Figure 3:. ILC2s stimulate tissue-specific cancer immunity by recruiting intratumoral dendritic cells.

(a) Tumor weight, volume, and survival in orthotopic and subcutaneous PDAC mice treated with vehicle or recombinant IL33 (rIL33). (b) Tumor weight and volume in orthotopic and subcutaneous PDAC mice treated with vehicle or recombinant IL18 (rIL18). (c) Gating, frequency, and number of ILC2s in rIL33-treated orthotopic PDAC mice (DLN vehicle, n=13; tumor vehicle, n=12). (d) Gating and frequency of CD103+ dendritic cells (DCs) in tumors of rIL33-treated orthotopic PDAC mice. (e) Tumor weight, volume, and (f) frequency of CD103+ DCs in tumors of rIL33-treated wild-type (WT) and ILC2 deficient orthotopic PDAC mice. (g) Tumor volume in rIL33-treated WT and CD103+ DC deficient Batf3−/− orthotopic PDAC mice. (h) Migration of purified DCs towards Ccl5. Data were collected at 5 (c, d) and 7 (e, f) weeks post tumor implantation. Horizontal bars mark medians; error bars mark s.e.m. Data were pooled from ≥2 independent experiments, with n≥3/group; n and data points denote individual mice analyzed separately or (h) individual replicates. P values were determined by two-sided log-rank test (a, survival curve), two-way ANOVA (a, b, e, g, tumor volume), and two-tailed Mann-Whitney test (a-f, h).

Figure 4:. PD-1 blockade activates TILC2s.

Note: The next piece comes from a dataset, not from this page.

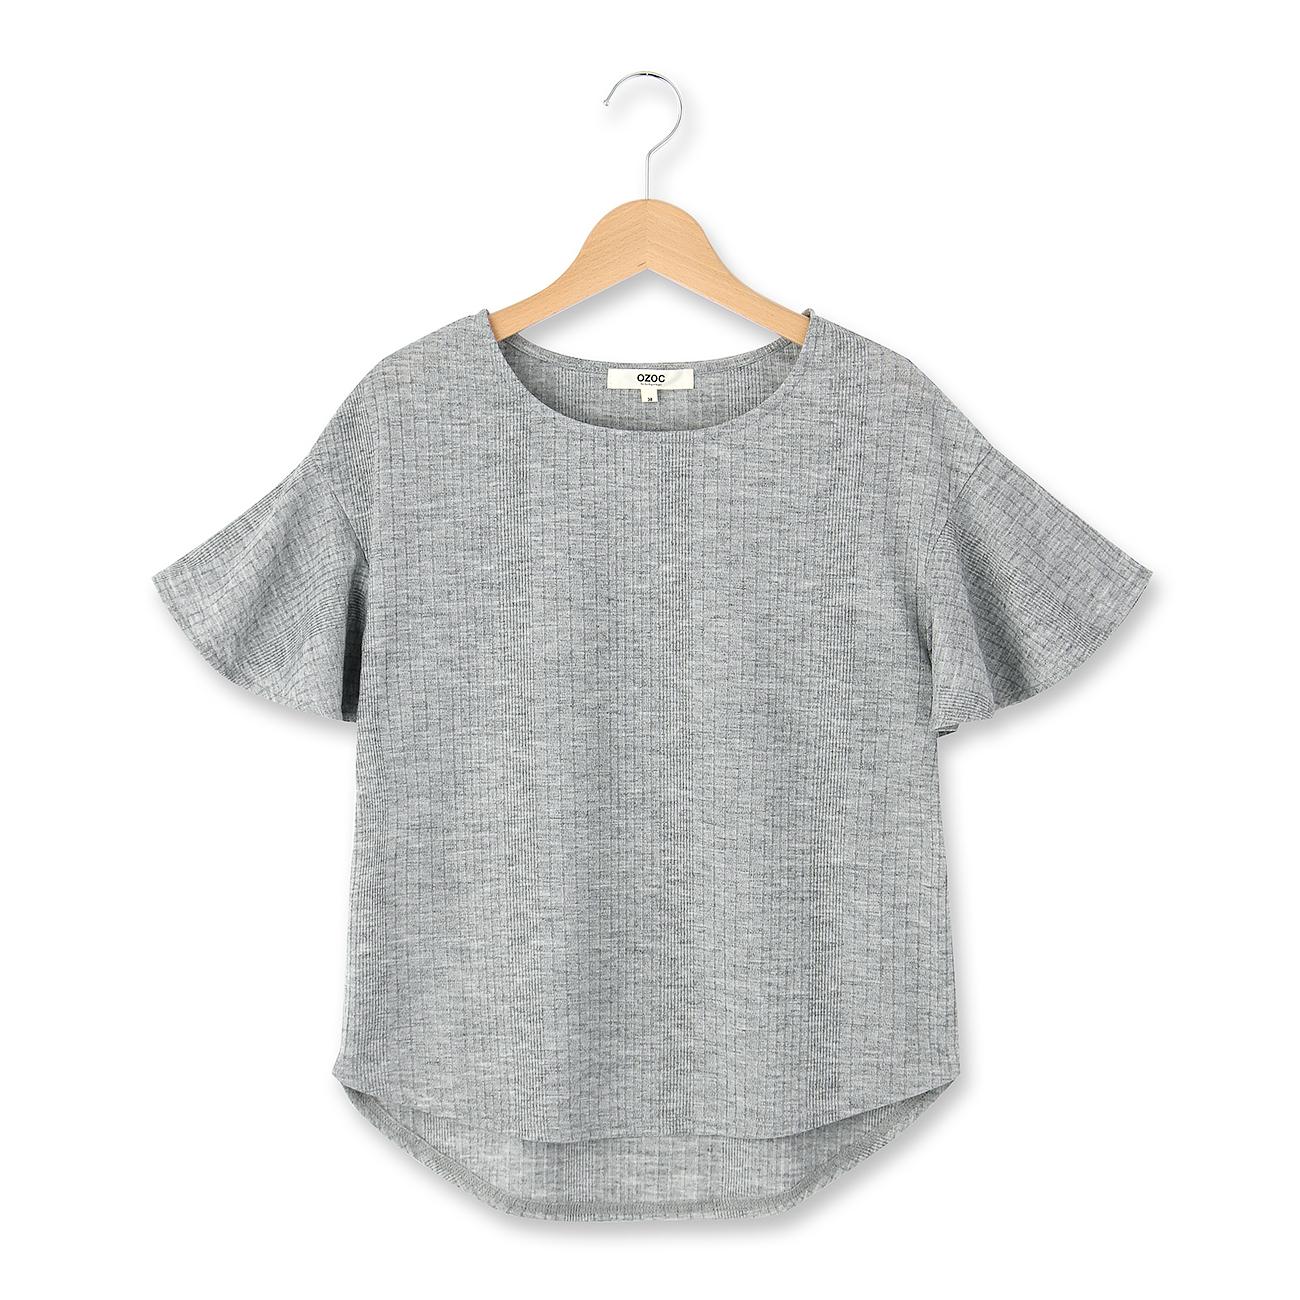 【OZOC (オゾック)】ランダムリブフリルプルオーバーレディース トップス|カットソー・Tシャツ グレー

(a) Tumor volume and survival, (b) gating, frequency and number and (c) scRNA-seq (n=7,022 ILC2 single cells) in treated PDAC mice in a nonlinear representation of the top 15 principal components. Cells are colored by cluster (left) or treatment and tissue (right). In (a, b), n=n in left, right graphs respectively. (d) Tumor volume in wild-type (WT) or ILC2 deficient PDAC mice treated with αPD-1 + rIL33. (e) TILC2s were sort-purified from rIL33-treated WT or Pdcd1^−/− PDAC mice, transferred into ILC2-deficient PDAC recipients, and tumor volumes measured. (f-h) TILC2s were sort-purified from rIL33-treated PDAC CD45.1 donor mice, transferred into ILC2-deficient CD45.2 PDAC recipient mice, and treated with αPD-1 post cell transfer. Tumor volume and tumor weight (f), frequency of CD45.1 and CD45.2 cells (g), and frequency of T cells (h) (TILC2s- : all groups, n=8; TILC2+ : spleen, n=9; DLN, n=7; tumor, n=7) in recipient mice 10 weeks post cell transfer. Frequencies in g = percentage of live donor- or recipient-derived immune cells. (i) Tumor volume (vehicle, n=13; other groups, n=10) and survival (vehicle and αPD-1, n=15; rIL33, n=24; rIL33+αPD-1, n=26) of treated PDAC mice (KPC 52 cells). DLN, draining lymph node. Data were collected at 5 weeks (b), 10 days (c), and 6 weeks (d) post orthotopic tumor cell implantation. Horizontal bars mark medians, error bars mark s.e.m. Data are pooled from ≥2 independent experiments with n≥3/group; n and data points denote individual mice analyzed separately. Data for scRNA-seq represent pooled purified single cells from biological replicates (vehicle n=10, rIL33 n=5, αPD-1 + rIL33 n=5). P values were determined by two-way ANOVA with Tukey’s multiple comparison post (a, d-f, i, tumor volume), two-tailed Mann-Whitney (b, d, g, h), and two-sided log-rank (a, i, survival curves) tests.